Received: 18 Feb 2020 | Received in revised form: 09 Aug 2020
Accepted: 21 Aug 2020 | Available online: 12 Nov 2020Ersin ÇİNTESUN a , Feyza Nur İNCESU ÇİNTESUN b , Huriye EZVECİ a , Fikret AKYÜREK c , Denizhan BAYRAMOĞLU a , Çetin ÇELİK a
aDepartment of Obstetrics and Gynecology, Selçuk University Faculty of Medicine, Konya, TURKEY
bClinic of Obstetrics and Gynecology, Konya Research and Training Hospital, Konya, TURKEY
cDepartment of Biyochemistry, Selçuk University Faculty of Medicine, Konya, TURKEY
J Clin Obstet Gynecol. 2020;30(3):100-5
DOI: 10.5336/jcog.2020-74393
Article Language: EN
Copyright Ⓒ 2024 by Türkiye Klinikleri. This is an open access article under the CC BY-NC-ND license (
http://creativecommons.org/licenses/by-nc-nd/4.0/)
ABSTRACT
Objective: We aimed to investigate the relationship between inflammatory markers used for allergic diseases and preeclampsia. Material and Methods: This retrospective case-control study included 162 patients comprising 81 patients in the control group and 81 patients in the preeclampsia group. The preeclampsia group was constituted by 40 patients with mild preeclampsia and 41 with severe preeclampsia. The basophil, eosinophil, eosinophil-basophil ratio (EBR), eosinophil-lymphocyte ratio (ELR), and basophil-lymphocyte ratio (BLR) values used in this study were taken into account before the initiation of any medical or surgical procedure. Results: EBR was significantly lower in the preeclampsia group than in the control group (p=0.033).
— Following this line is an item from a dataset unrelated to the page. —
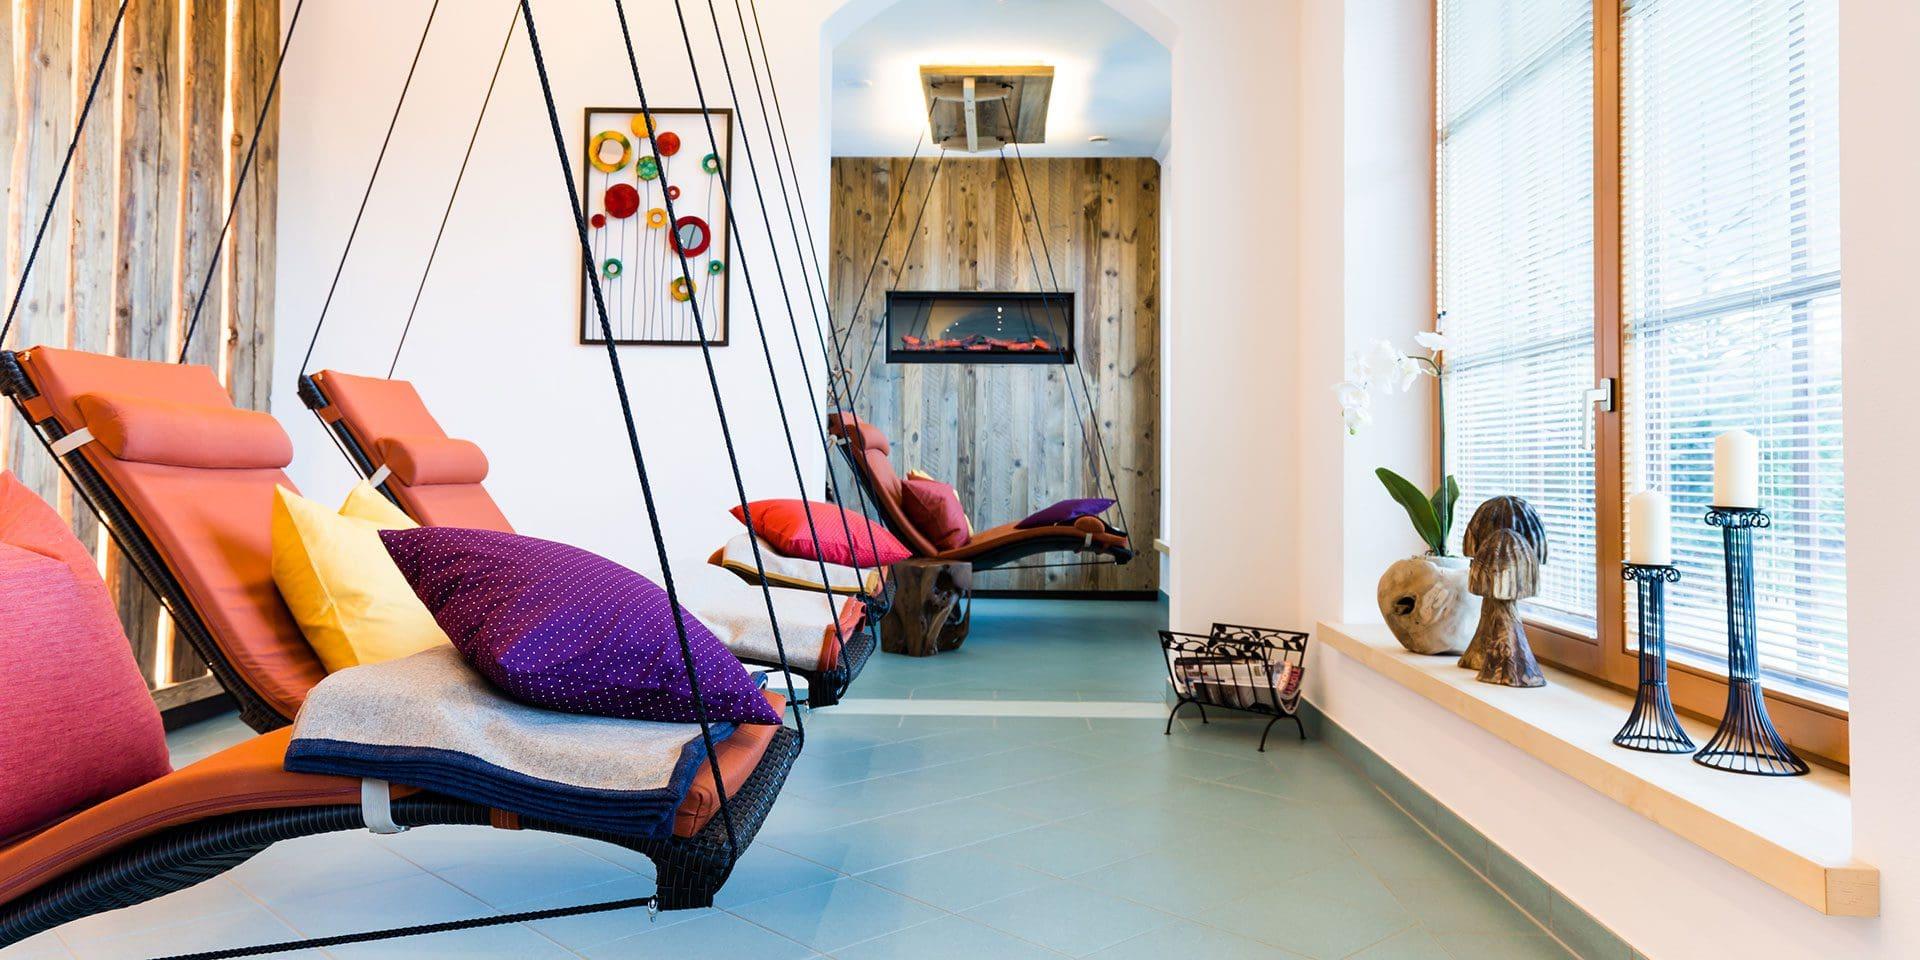 Indoor-Wellness · Inklusivleistungen im Wanderhotel Kirchner, Kitzbüheler Alpen

Basophil (p=0.049) and BLR (p=0.029) values were significantly higher in the preeclampsia group than in the control group. When the control group and preeclampsia subgroups were compared, ELR and EBR had significantly different between three groups ((p=0.039 and p=0.010 respectively) but in binary comparison no difference was found. As preeclampsia severity increased, EBR decreased, and ELR increased gradually. To predict preeclampsia, the receiver operating characteristic curve (ROC) analysis was used. The ROC analysis results of EBR was found as sensitivity 51.90%, and specificity 69.1% (AUC: 0.597, 95% CI: 0.51-0.68), and BLR was found as sensitivity 62.85%, and specificity 59.78% (AUC: 0.600, 95% CI: 0.51-0.69). Conclusion: Allergy-related mechanisms may also play a role in the pathogenesis of preeclampsia. Allergic markers may be considered in the diagnosis and research of preeclampsia.